# WHAT THE TASK REQUIRES
The output should match, line for line, the records from the line containing "SPENNENDE FUNN: Resultatet" through the line containing "Darkside Base Falling Star Shisha Tabak 200g", with every picture left out.

# DATASET ENTRIES
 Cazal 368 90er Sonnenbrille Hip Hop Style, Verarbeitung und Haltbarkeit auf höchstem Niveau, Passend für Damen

* * *

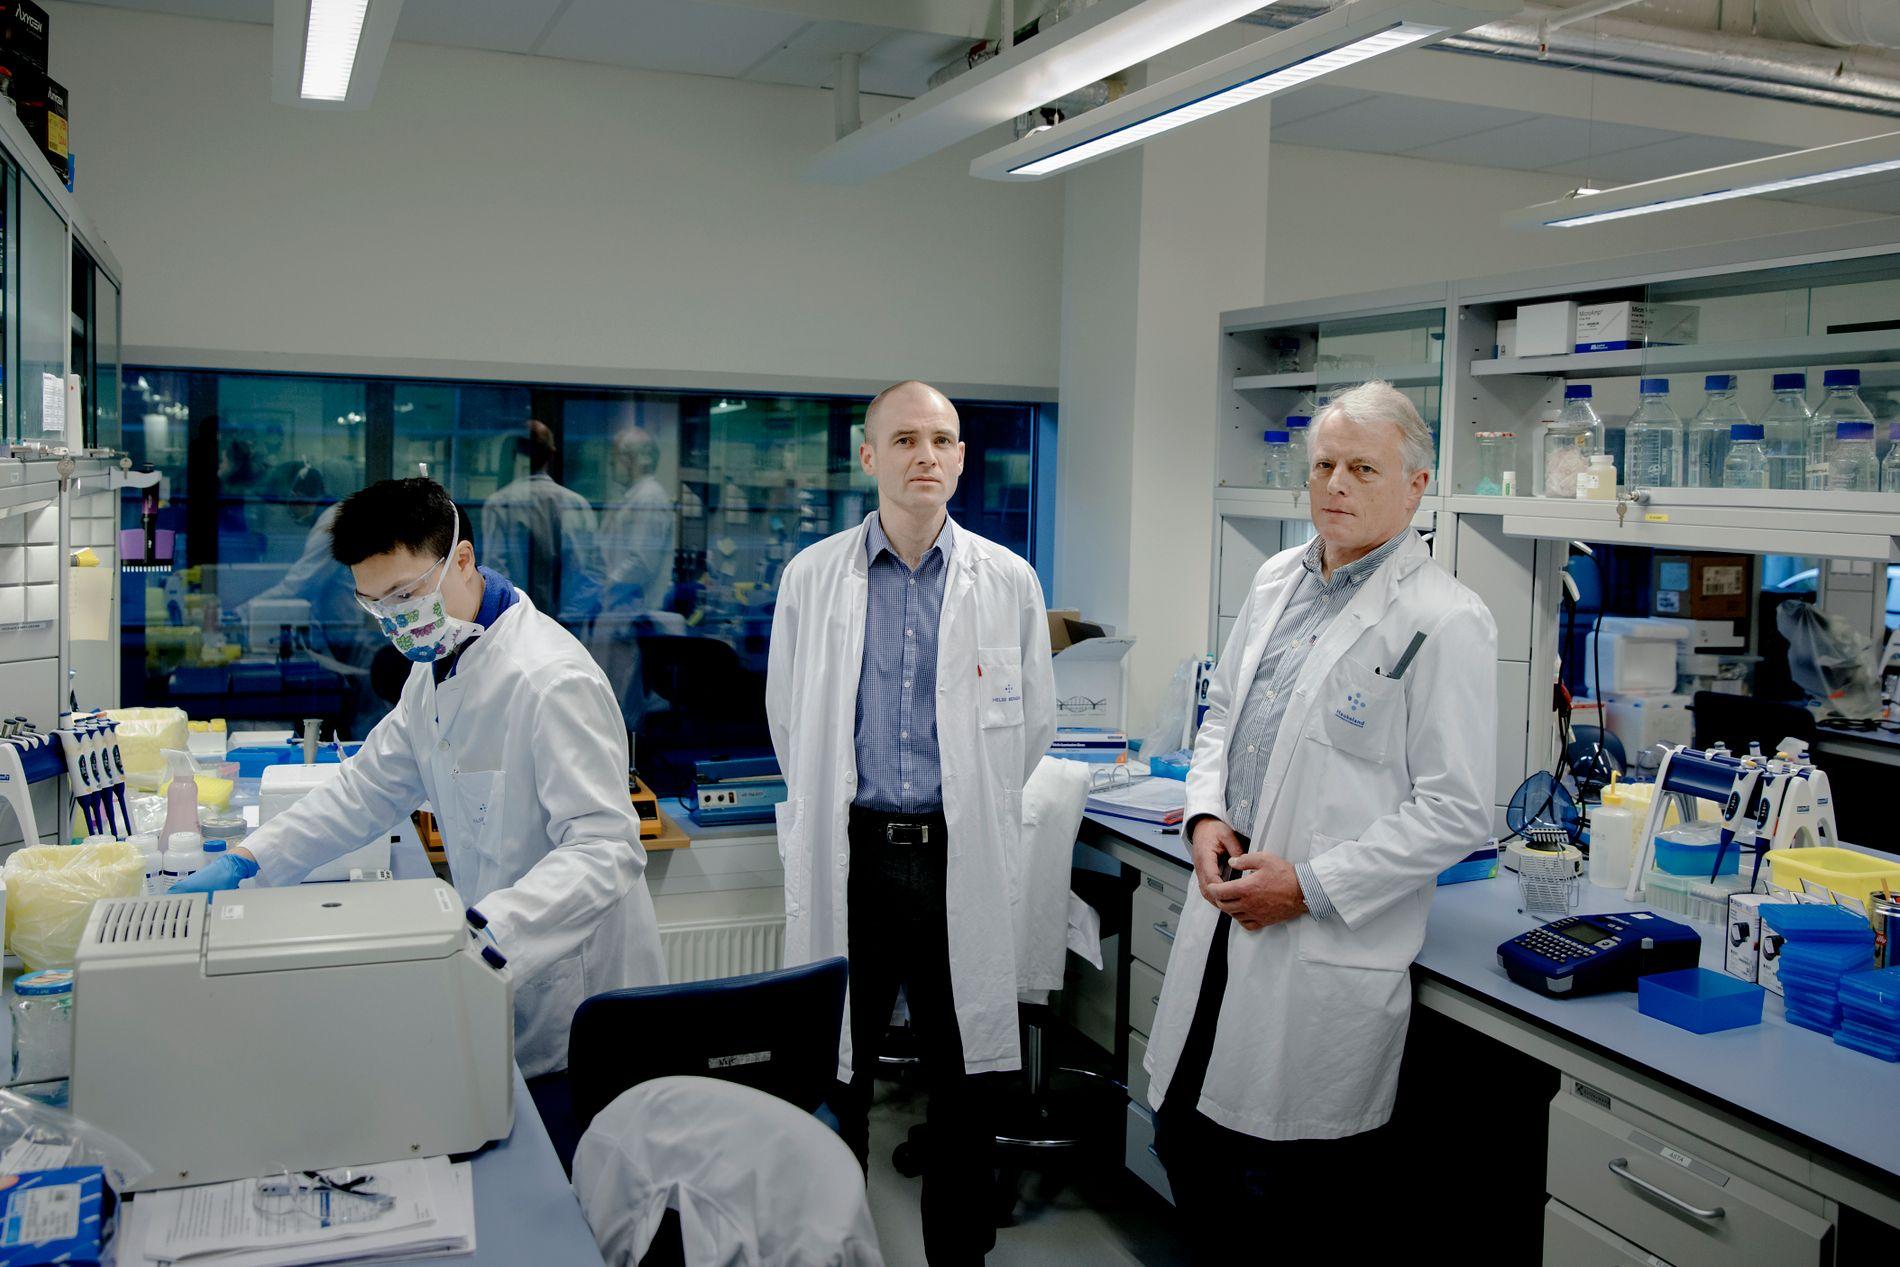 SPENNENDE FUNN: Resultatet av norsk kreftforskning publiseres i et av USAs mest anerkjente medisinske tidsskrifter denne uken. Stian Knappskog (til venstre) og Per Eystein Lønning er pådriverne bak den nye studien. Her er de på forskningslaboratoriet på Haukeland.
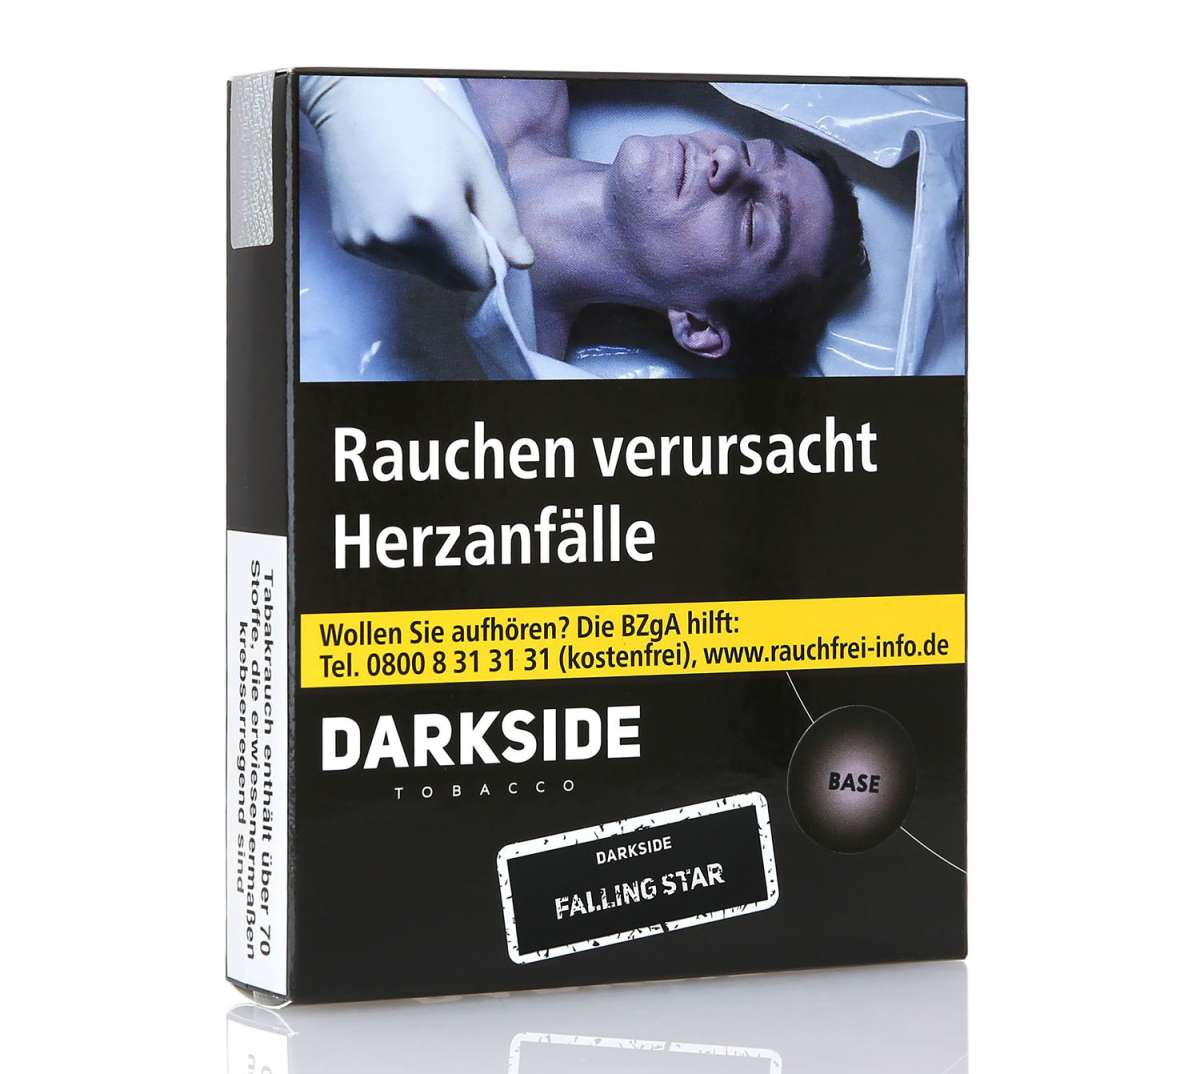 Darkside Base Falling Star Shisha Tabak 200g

# SOLUTION TO THIS TASK
 SPENNENDE FUNN: Resultatet av norsk kreftforskning publiseres i et av USAs mest anerkjente medisinske tidsskrifter denne uken. Stian Knappskog (til venstre) og Per Eystein Lønning er pådriverne bak den nye studien. Her er de på forskningslaboratoriet på Haukeland.
 Darkside Base Falling Star Shisha Tabak 200g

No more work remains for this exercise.